Don’t: Forget and leave your stuffing in the turkey. It’s a breeding ground for bacteria.

Cranberry sauce 

Keeps for: 10 to 14 days

You can keep adding that delicious homemade or store-bought cranberry sauce to your sandwiches for up to two weeks if it’s been kept refrigerated in an airtight container. 

Do: Refrigerate homemade cranberry sauce within two hours of cooking. If you want to make extra and freeze, it will last for up to two months.

Don’t: Touch it if there’s an off odor, flavor or appearance (especially mold).

Green bean casserole, macaroni and cheese and corn pudding

Keeps for: Three to five days

Green bean and corn casseroles and cooked pasta dishes typically last about three to five days when properly stored in the fridge. The same goes for roasted veggies, collard greens and other Thanksgiving dinner favorites.

Do: Be sure to store any dish containing mayonnaise within two hours of making or serving.

Don’t: Freeze any macaroni salad (or egg, chicken, ham or tuna salads), says the USDA. They just don’t taste good when they come back to life.

Bread, rolls and croissants

Keeps for: About a week

Do: Keep your leftover rolls and other Thanksgiving day breads wrapped in plastic in the pantry; they should be good for a week.

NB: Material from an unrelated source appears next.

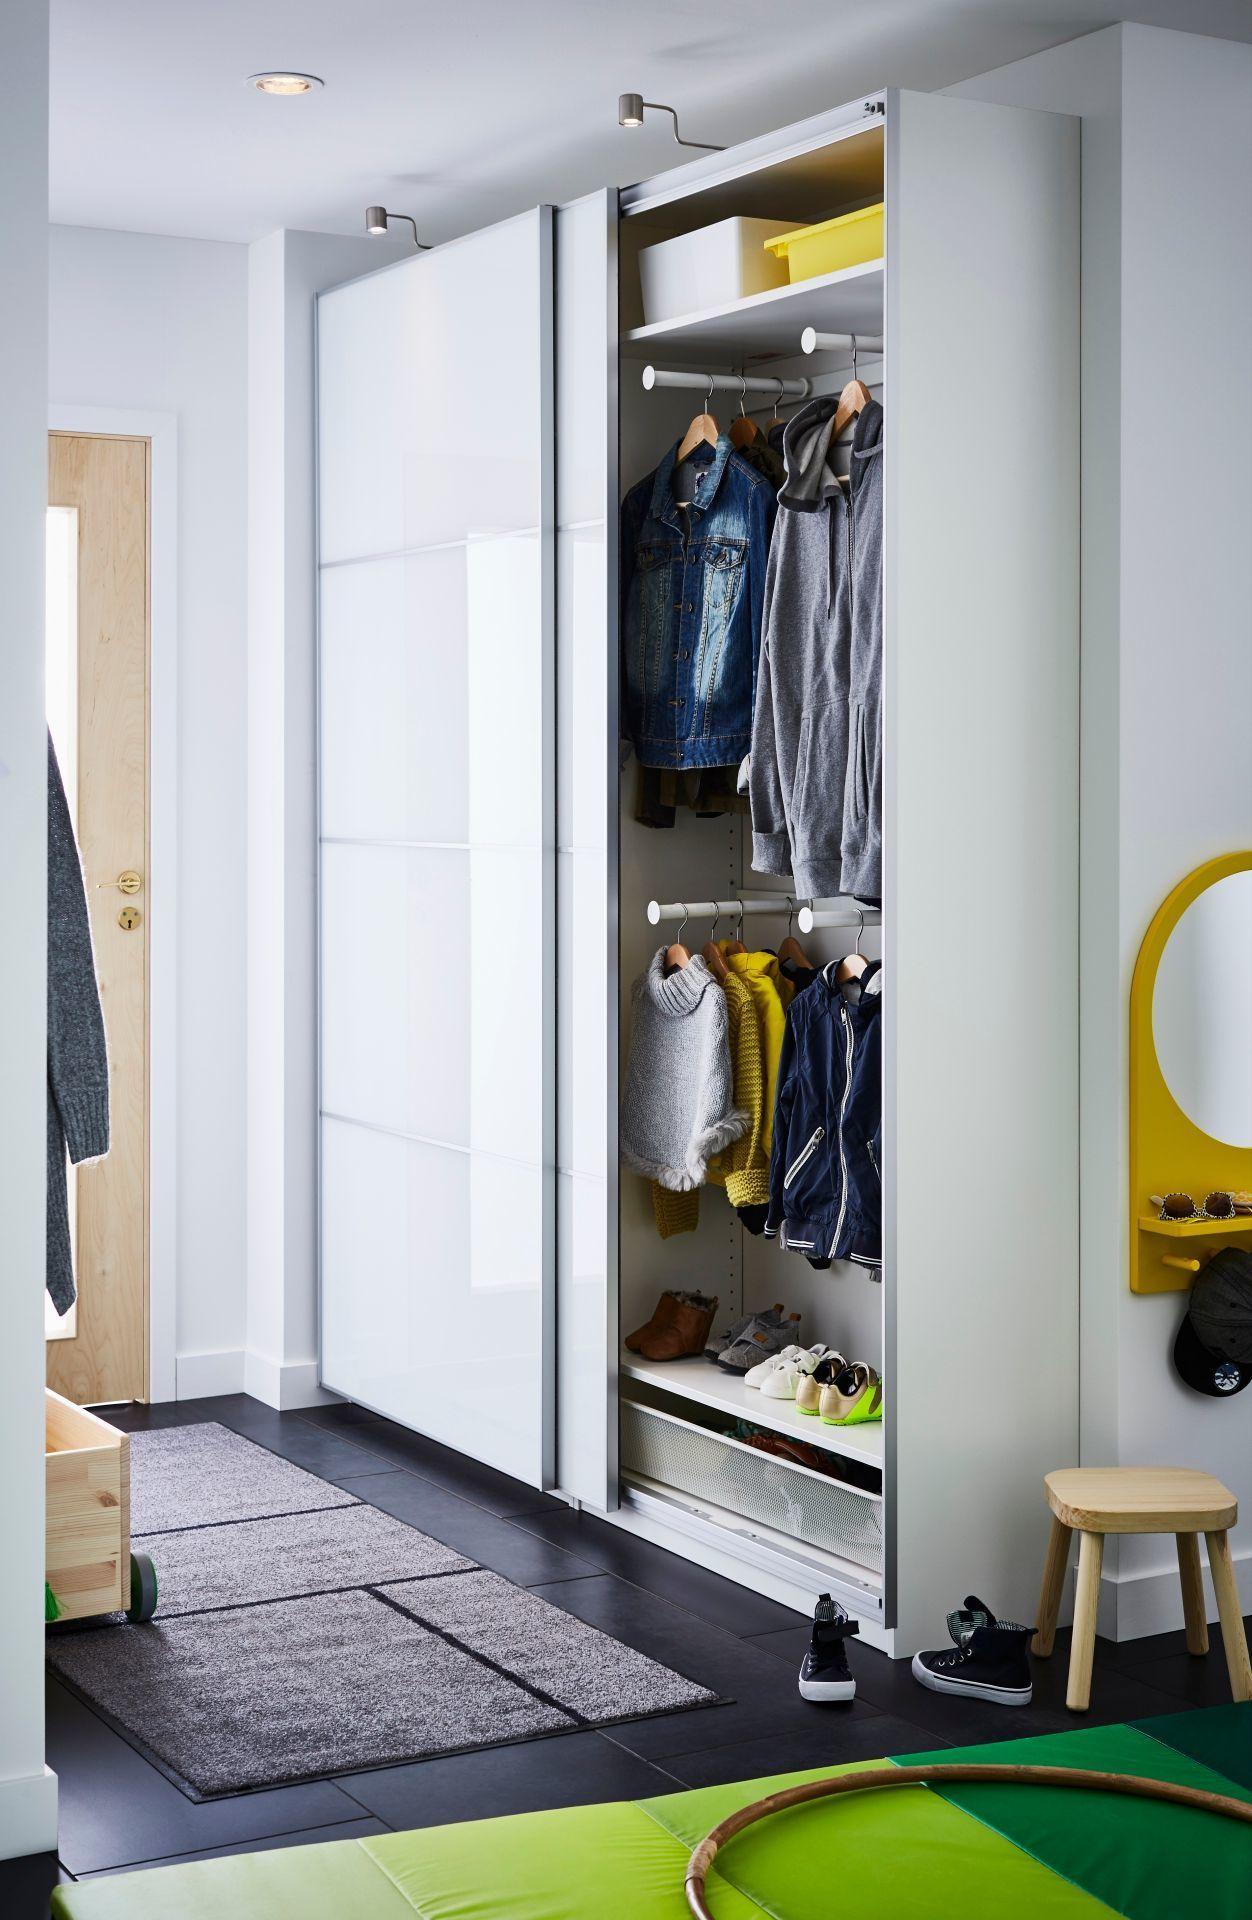 Portes Coulissantes Selection Produits Porte Coulissante Ikea Ikea Penderie Pax Porte Coulissante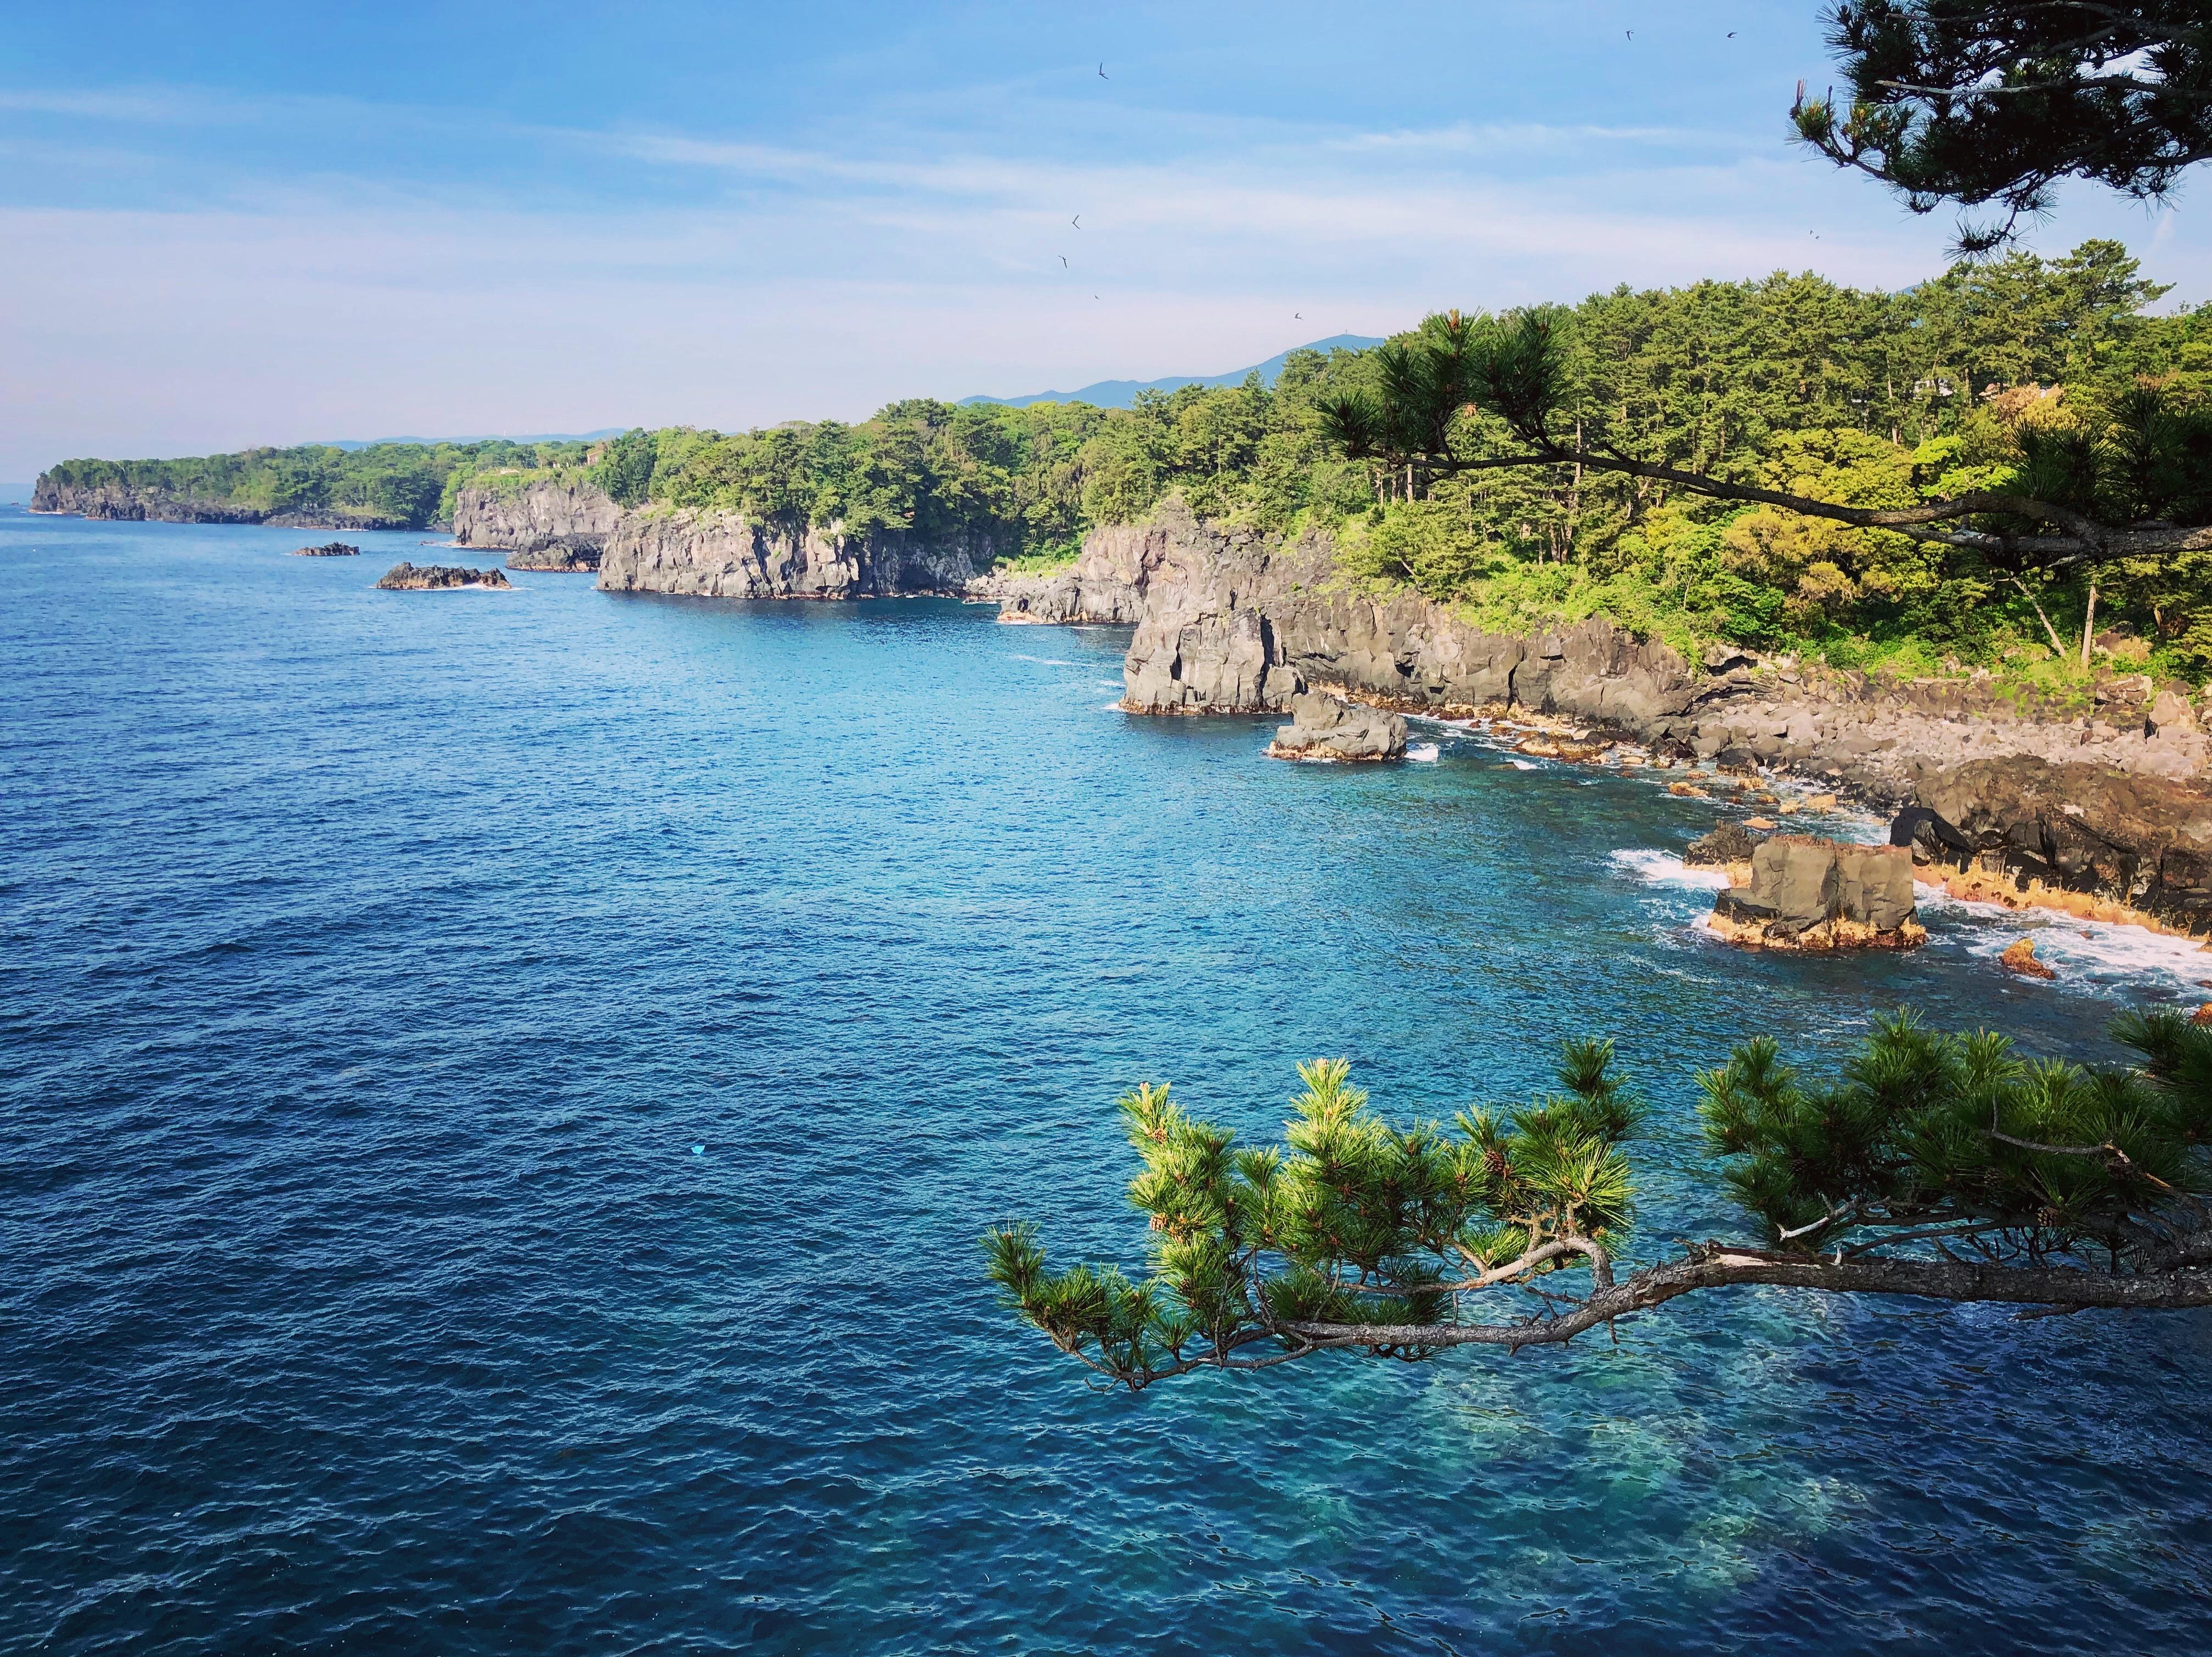 キャンプ場から南に7キロもこのような海岸線が続きます。「城ヶ崎自然研究路 ピクにカルコース」で検索してください!ぜひこの素晴らしい城ヶ崎海岸を知ってください!

To last longer, wrap tightly in foil and place in a freezer bag for up to three months.

Don’t: Put breads into the fridge to help them last longer, they’ll just dry out.

Pumpkin, pecan, fruit pies

Keeps for: Three to four days

Pumpkin and pecan pies – or any other pie with an egg-based filling, such as chocolate pie – will keep for three to four days if refrigerated within two hours of making or serving. 

Fruit pies can sit out for two days before you cut and serve them. After eating, loosely wrap with foil or plastic before you put the pie in the fridge. 

The rule applies to store-bought pies as well – once you’ve cut it, it needs to refrigerated.

Do: Consider freezing pumpkin, pecan and fruit pies. Wrapped tightly in foil or plastic they will keep for almost three months. Defrost before warming to eat.

Don’t: Freeze any ‘airy’ pies such as custard or chiffon. 

Cakes and pastries

Keeps for: Up to a week in the fridge

Cakes and pastries can actually be left at room temperature on the snacking table for up to two days; you’ll want to cover loosely with plastic wrap to keep them moist. Put into the fridge, they’ll stay fresh for up to a week.

Do: Keep slices to snack on by freezing in airtight containers; they will last two to three months.

Don’t: Keep any cakes or pastries with dairy-based frostings or fillings out on the table after dessert. They need to go immediately into the fridge.